Actual Implementation Due to the tight time constraints of a 24 hour hackathon, we were only able to get the photo feature of the app functioning and allowed the image tags to be present on the screen instead of a fullscreen camera view. However, the photo feature of the app was buggy, so a feature to just process stored photos was implemented.
How we built it
We used Clarifai's incredible image recognition and machine learning API to identify images and constantly learn smaller details on how the environment changed. We also used Android's built-in text-to-speech API for interpreting the JSON strings of object data. We also used Android Studio for development of the interface and server side implementations.
Challenges we ran into
We had trouble sending images directly to the Clarifai API without locally storing them and the text-to-speech implementation was extremely buggy and at one point not even functional. We did fix both of these issues.

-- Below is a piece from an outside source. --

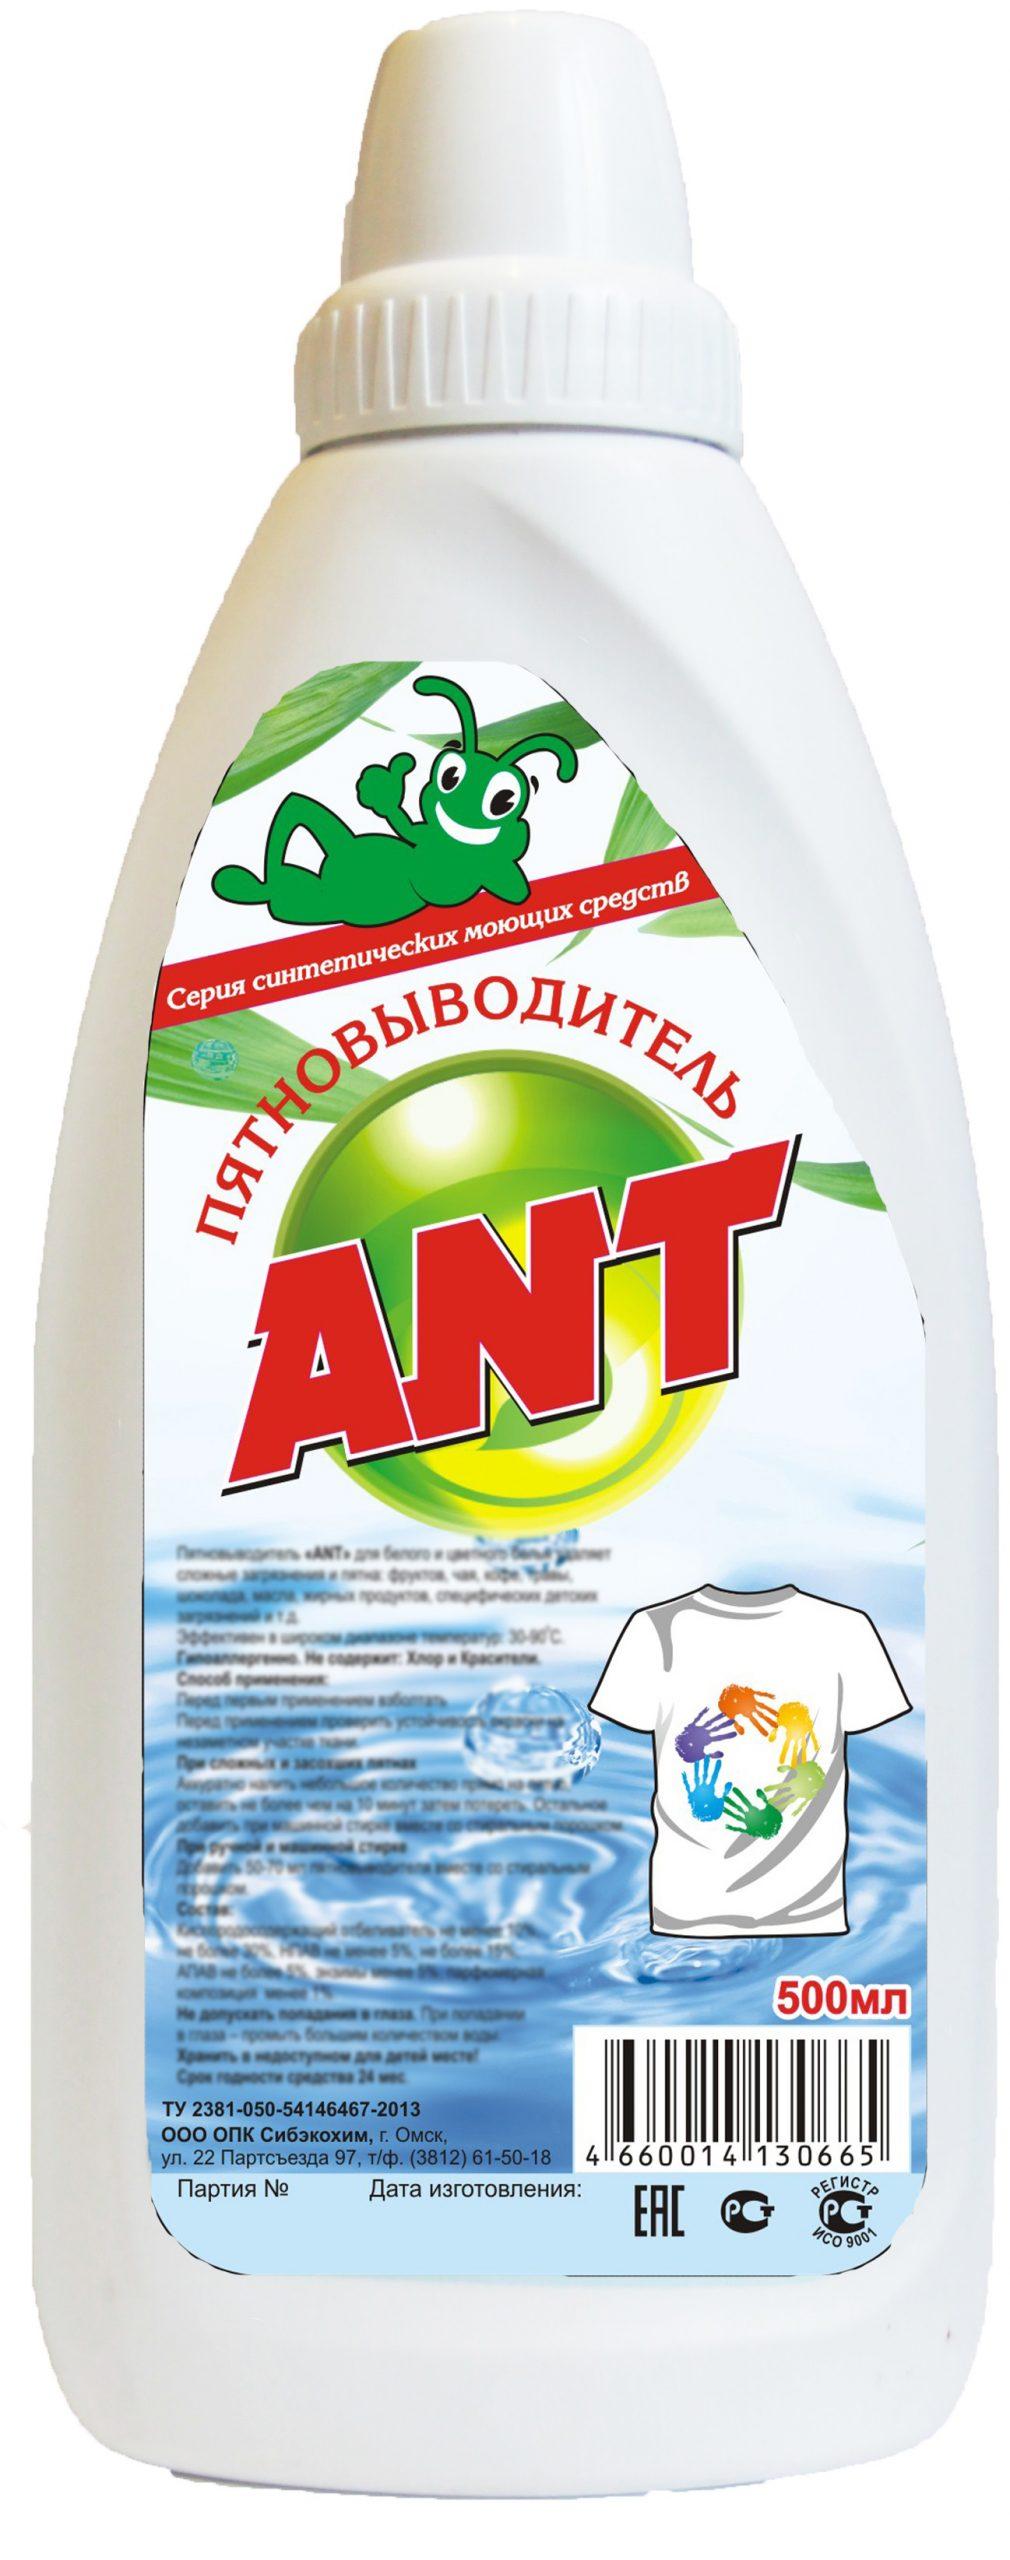 Фото 2 Пятновыводитель жидкий ANT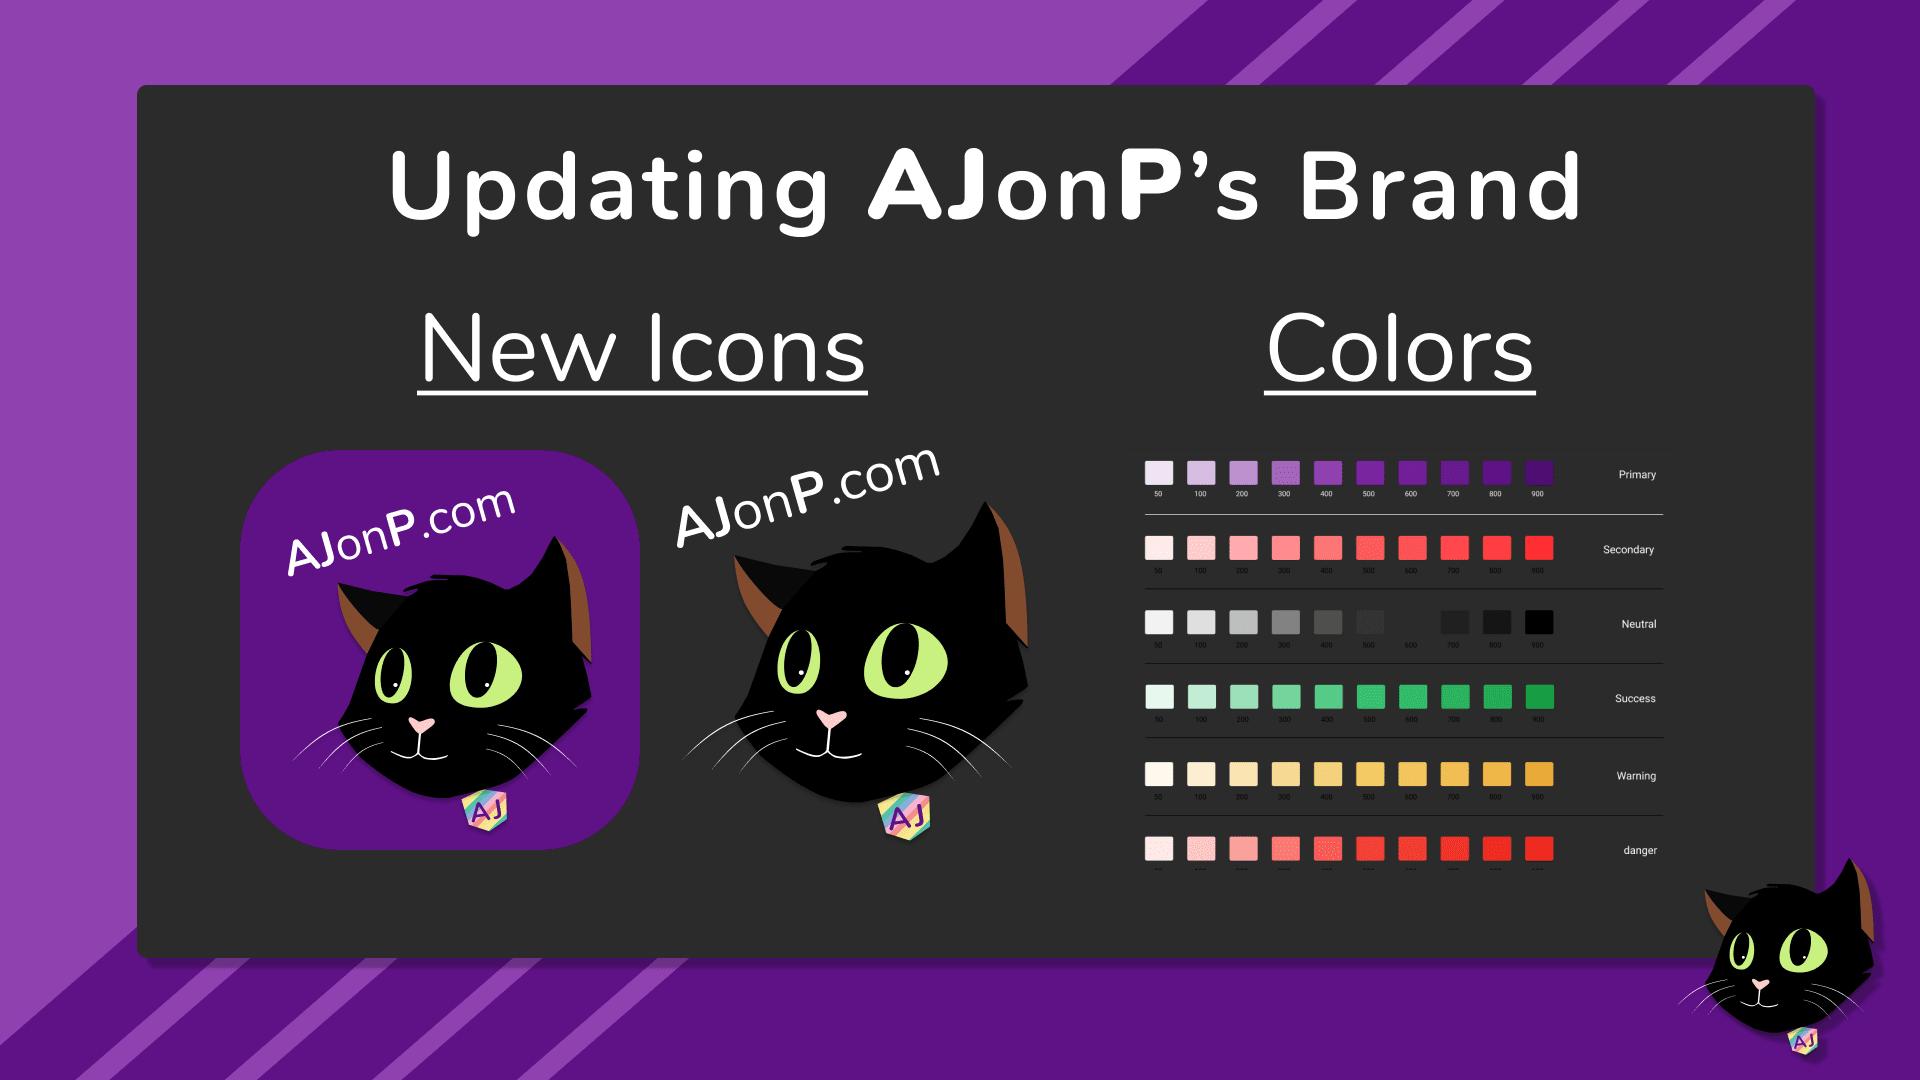 Updating AJonP's Brand

Accomplishments that we're proud of
Since using Java and developing with Android presented a problem to 3/4 of the team, there was a lot of on-the-spot learning and persistence. We are proud that this program even got off the ground in less than 16 hours with the amount of sleep we didn't get.
What we learned
We learned how to effectively use Clariai's API and uniformly have it interact with a non-native text-to-speech converter. We also learned (as a group) a ton of Android development and how to effectively screen for bugs.
What's next for Project InSight
Implementing the other features mentioned above.